Rationalising the denominator
Rationalising an expression means getting rid of any surds from the bottom (denominator) of fractions.
Usually when you are asked to simplify an expression it means you should also rationalise it.
Example
Simplify \(\frac{4}{{\sqrt 3 }}\)
Answer
To rationalise the denominator, multiply the fraction by \(\frac{{\sqrt 3 }}{{\sqrt 3 }}\)
\(= \frac{4}{{\sqrt 3 }} \times \frac{{\sqrt 3 }}{{\sqrt 3 }}\)
\(= \frac{4\sqrt3}{3}\) (Remember \(\sqrt 3 \times \sqrt 3 = 3\))
Now try the question below.
Question
Express \(\frac{5}{\sqrt 7}\) with a rational denominator
\(= \frac{5}{\sqrt 7} \times \frac{\sqrt7}{\sqrt7}\)
\(= \frac{5\sqrt 7}{7}\)
Sometimes the denominator might be more complicated and include other numbers as well as the surd.
If this is the case you need to multiply the fraction by a number that will cancel out the surd. Remember to multiply the numerator by the same number or you will change the value of the fraction.
Example
Express \(\frac{12}{4+\sqrt 7}\) with a rational denominator
Answer
To rationalise the denominator, multiply the fraction by \(\frac{4-{\sqrt7}}{4-{\sqrt7}}\)
\(= \frac{12}{4+\sqrt 7} \,\times\, \frac{4-{\sqrt7}}{4-{\sqrt7}}\)
\(=\frac{12(4-\sqrt7)}{(4+\sqrt7)(4-\sqrt7)}\)
Simplify the denominator by multiplying out the brackets to give \(16-4\sqrt7+4\sqrt7-7\). The \(-4\sqrt7\) and \(+4\sqrt7\) cancel out. This leaves the denominator as \(9\).
\(=\frac{12(4-\sqrt7)}{9}\)
Sometimes we can now divide top and bottom by a common factor. In this case \(3\).

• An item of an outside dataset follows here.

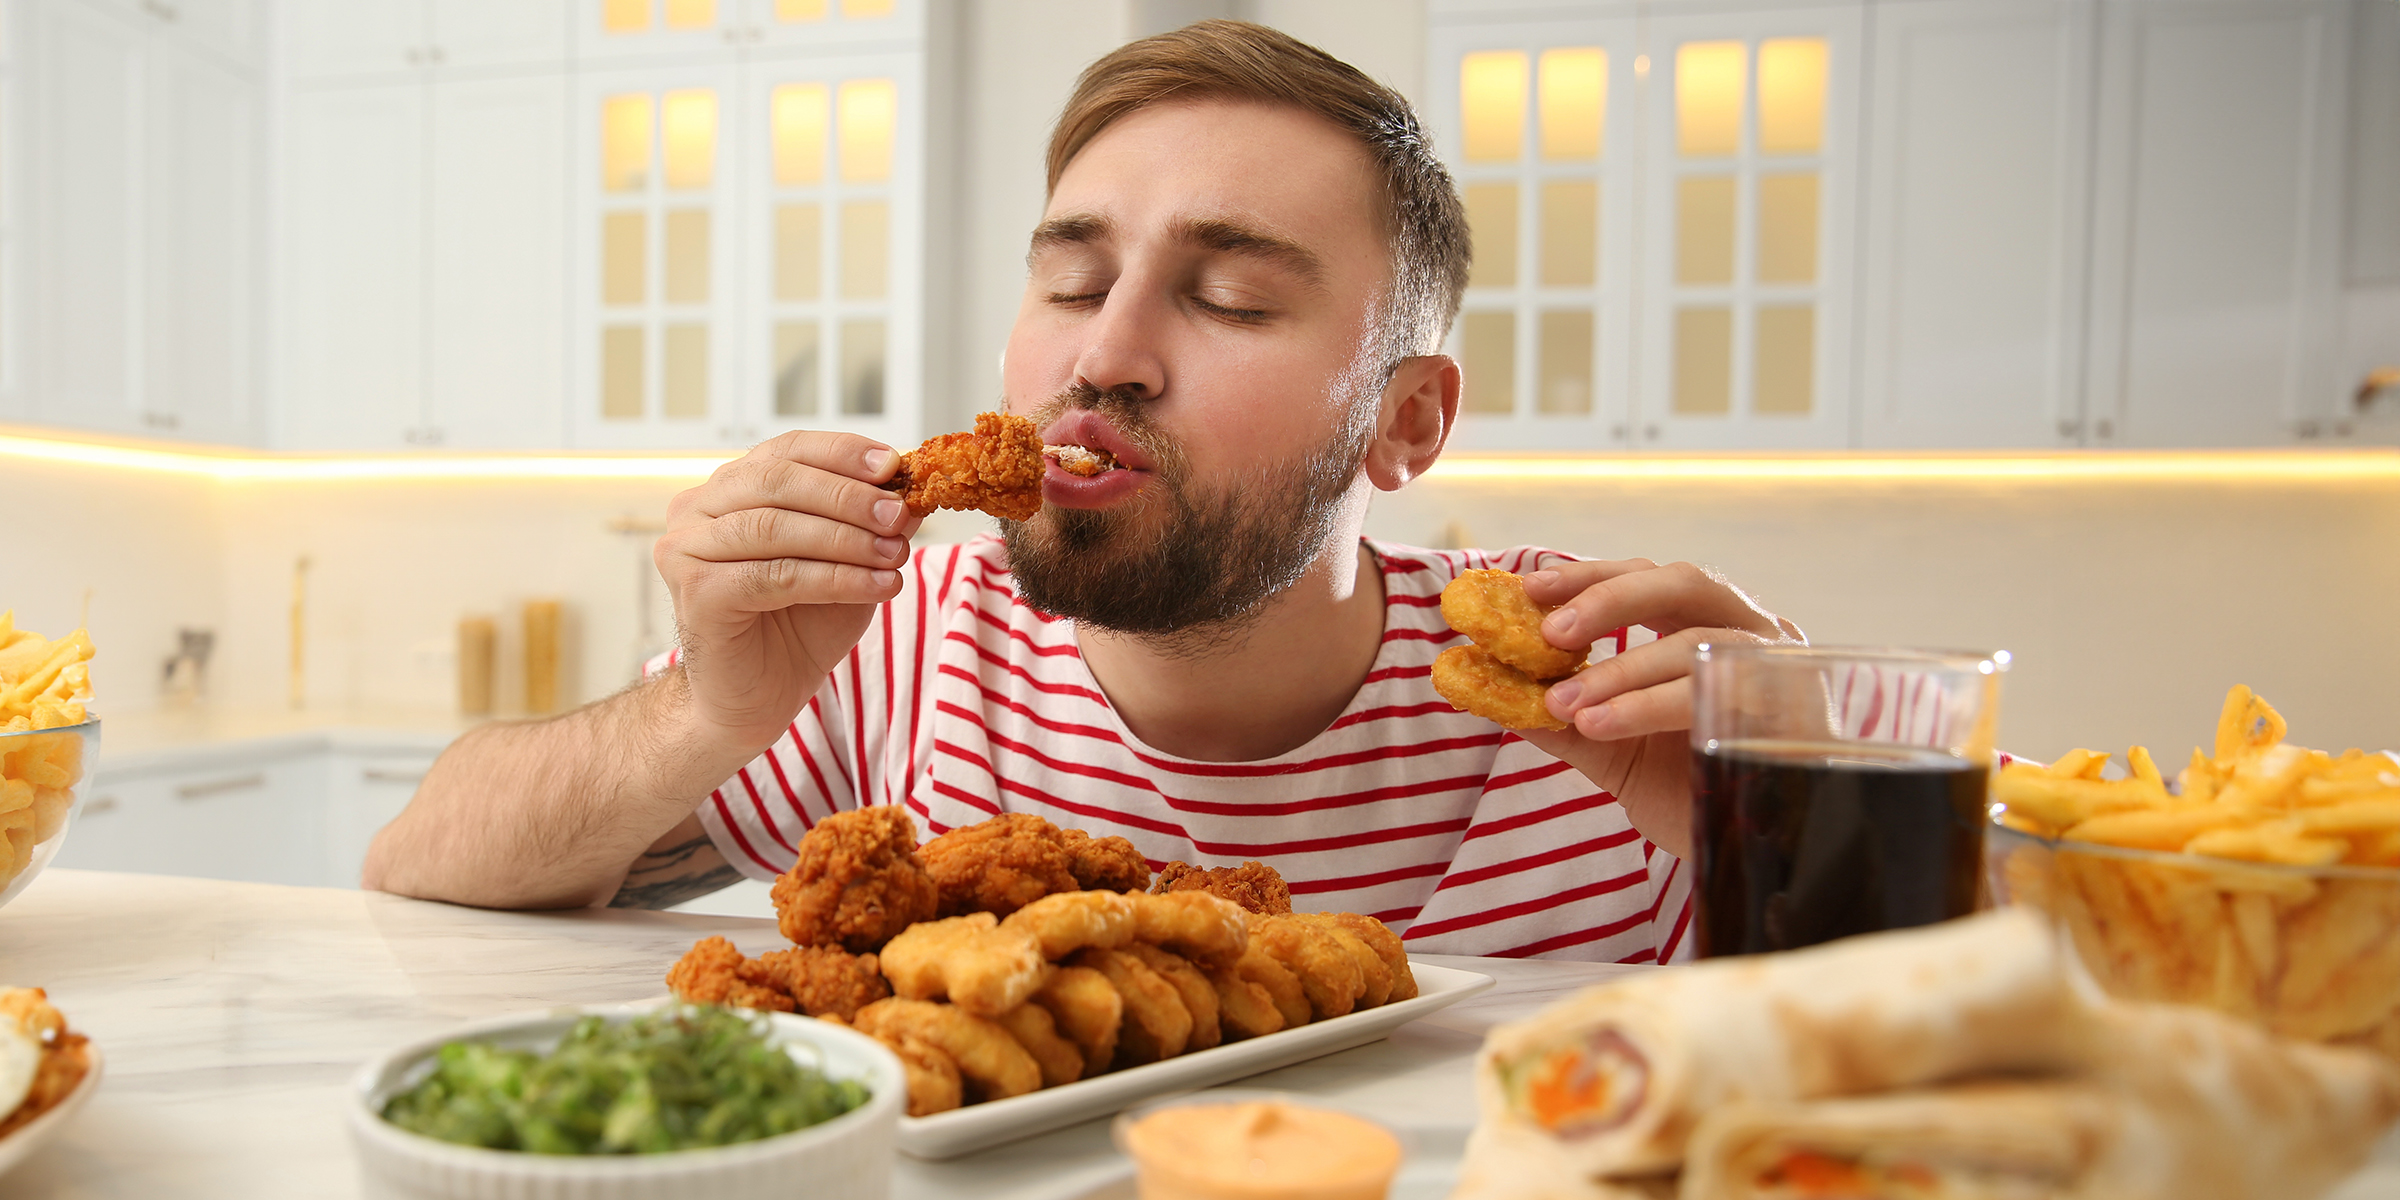 Homme en train de manger | Source : Shutterstock
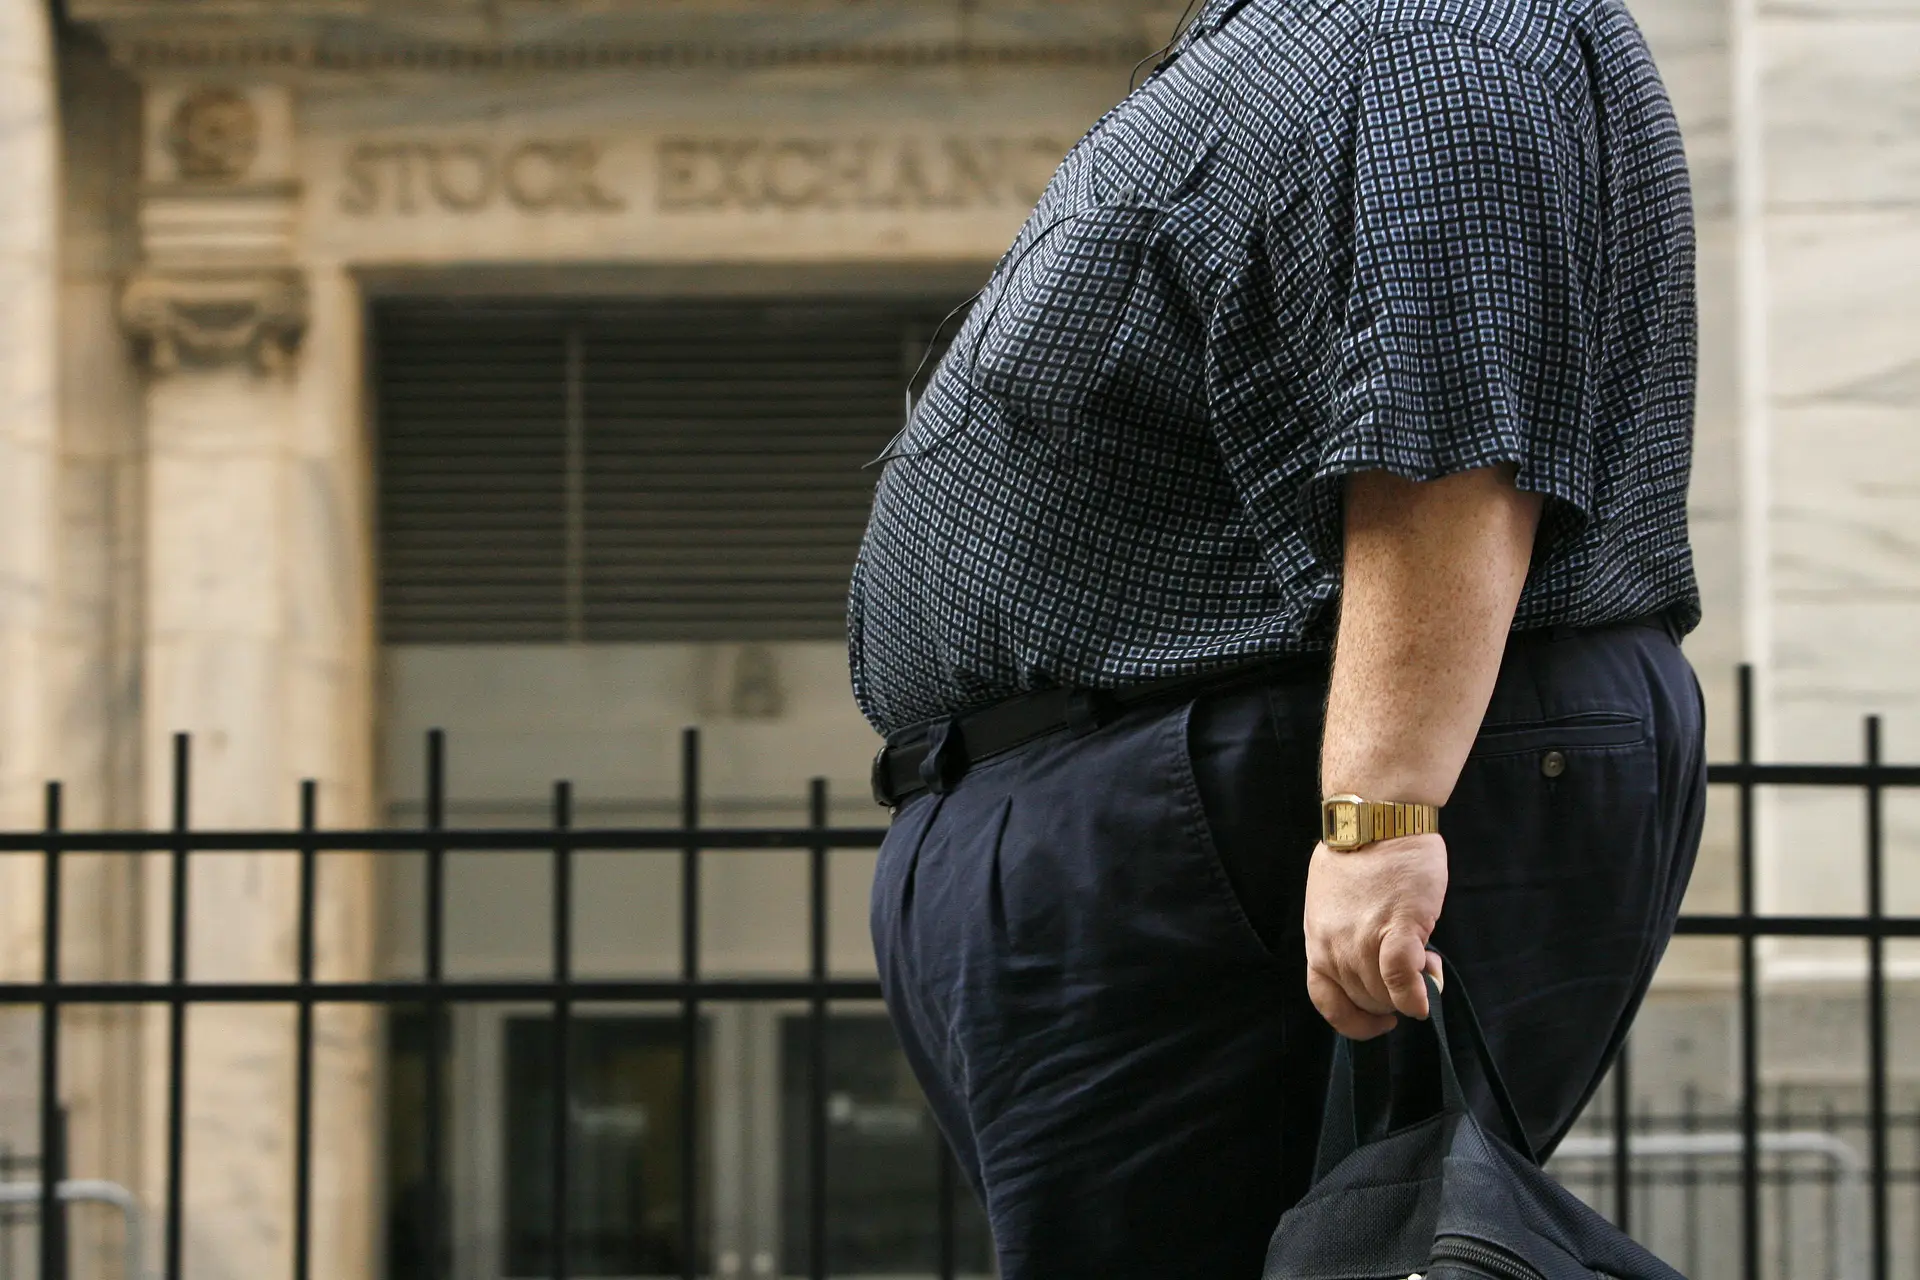 Parlamento recomenda medidas de prevenção e combate à obesidade

\(=\frac{4(4-\sqrt7)}{3}\)
Now try the question below.
Question
Rationalise \(\frac{2}{{3 - \sqrt 5 }}\)
To rationalise the denominator, multiply the fraction by \(\frac{{3 + \sqrt 5 }}{{3 + \sqrt 5 }}\)
\(= \frac{2}{{3 - \sqrt 5 }} \times \frac{{3 + \sqrt 5 }}{{3 + \sqrt 5 }}\)
\(= \frac{{2(3 + \sqrt 5 )}}{{(3 - \sqrt 5 )(3 + \sqrt 5 )}}\)
Simplify the denominator by multiplying out the brackets to give \(9 +3\sqrt5 -3\sqrt5 -5\) which is \(4\).
\(= \frac{{2(3 + \sqrt 5 )}}{4}\)
\(= \frac{{3 + \sqrt 5 }}{2}\)